Working with Martin Head-Gordon, we have created the first validated, accurate molecular model of the central steps that govern the rates of crucial dissolution/deposition reactions broadly relevant across energy and corrosion sciences. The team developed an experimental model system that to precisely measure and quantify the kinetics of fundamental ion-transfer processes that contribute to the degradation of catalysts and electrodes used in electrochemical energy systems. Concurrently, they constructed a quantum-mechanical computer model of the system to yield the energy profiles and provide physical insights into the effects of electric bias and field on the reaction barriers and the atomic-scale structures involved in the reaction. Together, the project elucidates how solvents and electrons influence the energy states and molecular structures involved in the creation of a charged ion on the surface of a metal during dissolution. This understanding provides crucial insights into corrosion processes that could impact infrastructure investments. Moreover, it leads to new perspectives on improving the durability of photochemical fuel generators, fuel cells to generate power, electrolyzers for hydrogen and carbon fuels production, and the electrochemical refining of metals. The team is expanding the approach to more-complex systems and to create a general molecular theory to describe the “birth and death” of ions at electrochemical interfaces.

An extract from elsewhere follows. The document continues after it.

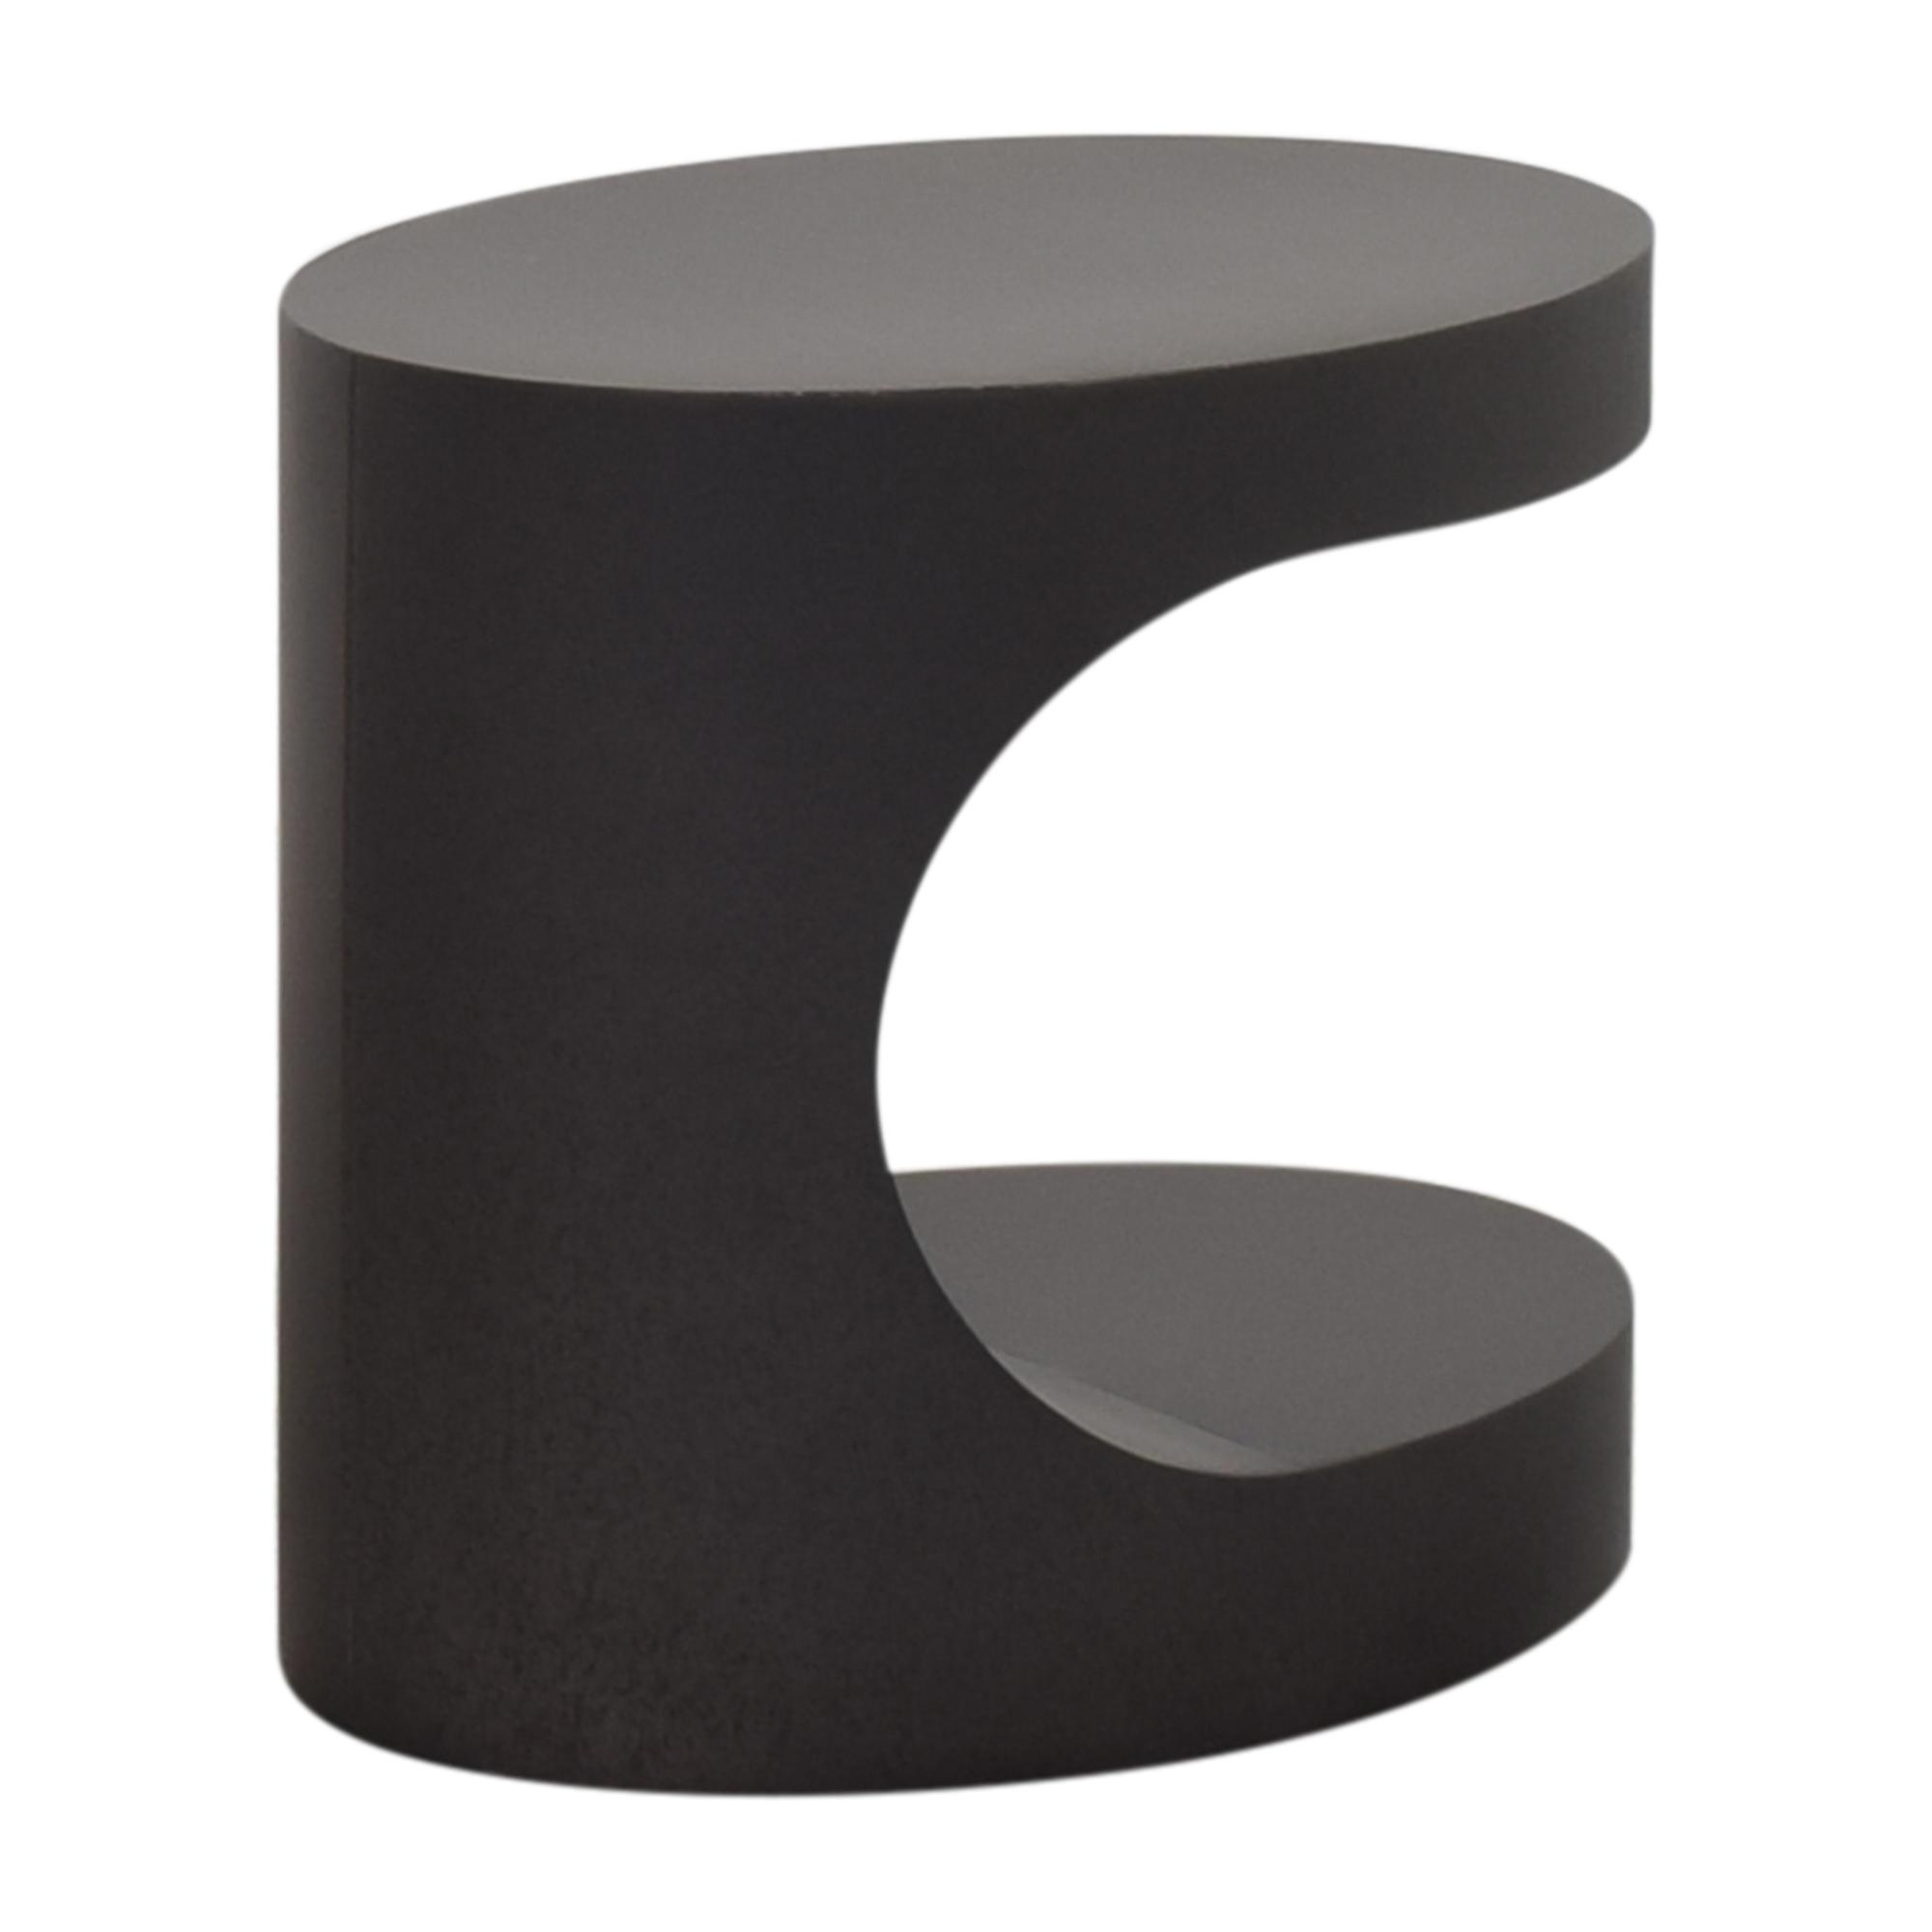 buy Room & Board Room & Board Ellipse C-Table online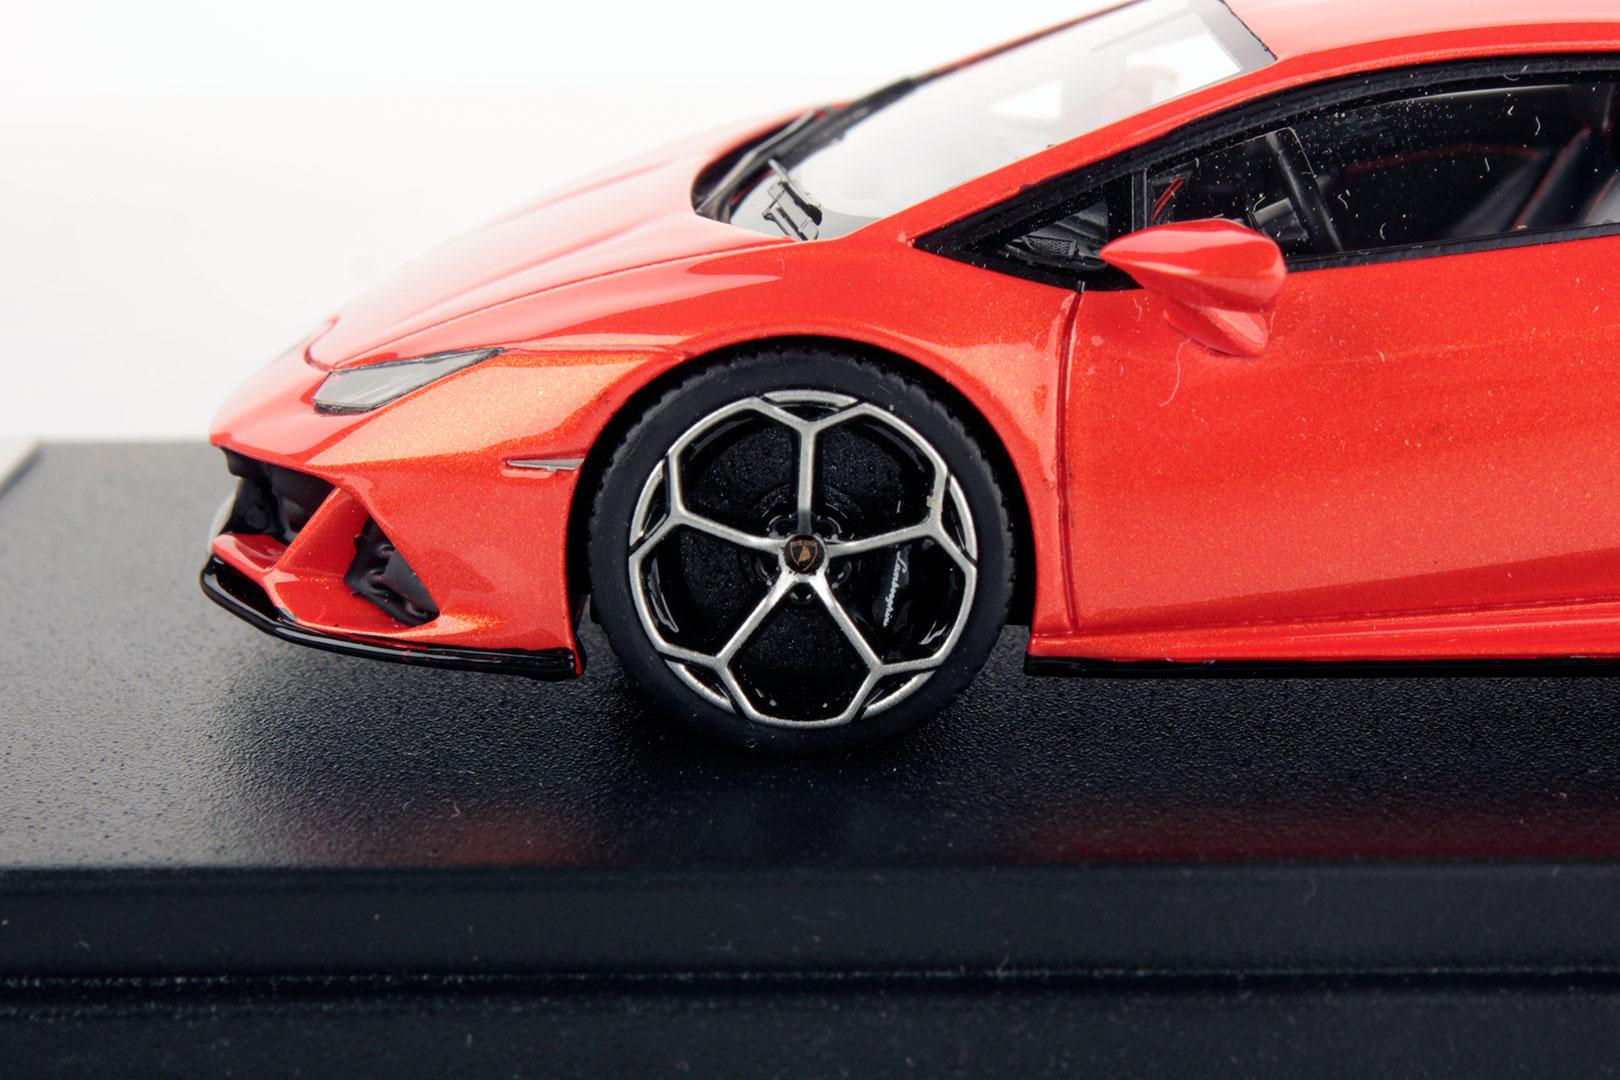 Lamborghini Huracan Evo miniature (8)

https://pubs.rsc.org/en/content/articlelanding/2024/sc/d3sc05791g
Non-technical summary:
A project led by Shannon Boettcher, senior faculty scientist in Berkeley Lab’s Energy Storage & Distributed Resources Division, and Martin Head-Gordon, senior faculty scientist in Berkeley Lab’s Chemical Sciences Division, has created the first validated, accurate molecular model that describes the rates at which ions are created or consumed at the interface between a solid and a liquid. Ions are atoms or molecules that carry an excess or deficit of electrons and thus a charge. Ions – like those present in solution of salt water – are the species that carry electrical current in solutions. When a material rusts and dissolves, ions are created. When metals are plated from solution, for example to create semiconductor chips, ions are consumed. When an ion is in solution it is made more stable by forming chemical bonds to molecules making up the solution, for example water molecules. When the ion is created from a metal surface, these bond to the solvent are formed, but the sequence of molecular events and the resulting barriers that control how fast the ions can be formed (or consumed) was previously unknown prior to this new collaborative study that combined careful experiments with leading edge computation. The team is expanding the approach to complex systems create a general theory that is of importance broadly to electrochemical technology in renewable liquid fuel synthesis, batteries, and controlling corrosion processes.